To develop their own programs of bodybuilding is enough floor, horizontal bar and parallel bars. World champion in bodybuilding to become does not work, but a muscular body to create quite real. It is sufficient to exert maximum effort and patience.
Pulling - a basic exercise on the bar
You will need
  • - the horizontal bar;
  • - the uneven bars.
Instruction
1
Foot pump with horizontal bar and parallel bars fail. Use squats on one leg "pistol" and by standing with one foot on a stool. Wide muscle of the back swing pull-UPS wide grip to chin and behind his head. For long muscles of the back, use gipernatriemia body on the bars. To do this, hang on the bars so that the stomach lying on one of the rungs, body with hands and feet down. Fix the feet for another bar and begin to straighten the torso.
2
Pectoral muscle it conventional push-UPS to simple and wide bars. If simple push-UPS on the uneven bars podhisita your knees to your chest to increase the load on the muscles of the chest. Also use the equivalent of push-UPS, leaning feet and hands on the crossbar of the projectile. Useful this exercise: making a lifting force on the bar start to bend and unbend your arms.
3
Download biceps with pull-UPS on the bar reverse grip. Triceps exercise with push-UPS on the uneven bars grip from the inside. To work out the abdominal muscles, use the leg lifts to the head in vis on the crossbar, the leg lifts focus on the bars, and the following exercise. Hang on the bar upside down to keep the legs bent at the knees. From this position start the UPS to the bar. To build side muscles, in the previous exercise when approaching the torso to the bar take turns to the side.
4
Train 3 times a week so that between sessions was 1 day. Do each exercise no more than 15 times in one approach. Enough for beginners 3 approaches for each exercise. Subsequently, the number of sets can be increased.
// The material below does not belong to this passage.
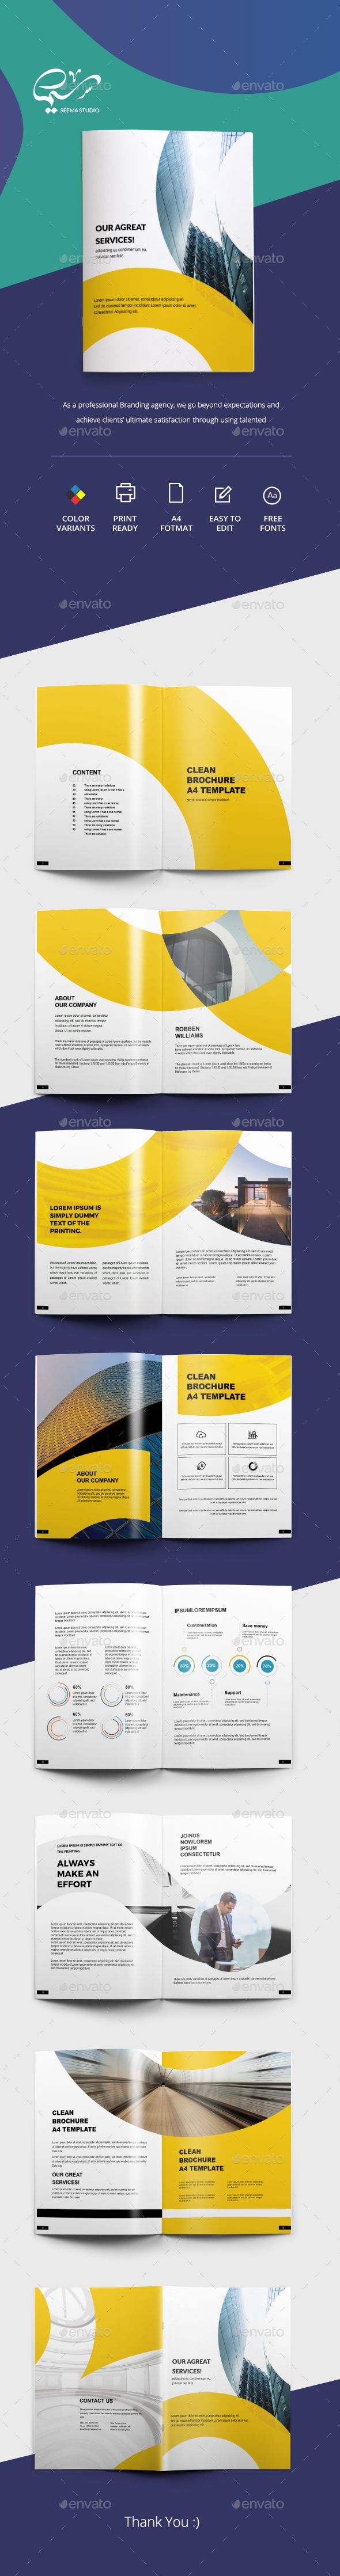 Business Brochure | Tríptico, Folletos y Diseño editorial

Break between sets – no more than 1 minute. The whole exercise should not take more than an hour, and after a year of occupations it can be increased to 2 hours. In order to meet this time, gradually reduce the break between sets.
5
In order to achieve faster progress in a day of rest to start a jog, active, ski, swim. Note on food: it must be complete, with a high amount of protein and carbohydrates. Get carbohydrates from fruits and vegetables, cereals and bread. Get proteins from meat, fish, poultry, grains, and legumes. Additionally, take vitamin-mineral complexes.
Note
Unlike the exercises with weights, training on the horizontal bar and parallel bars are useful, even the youngest athletes.
Useful advice
To avoid abrasion of the skin on the palms of the hands, engage in a special sports gloves.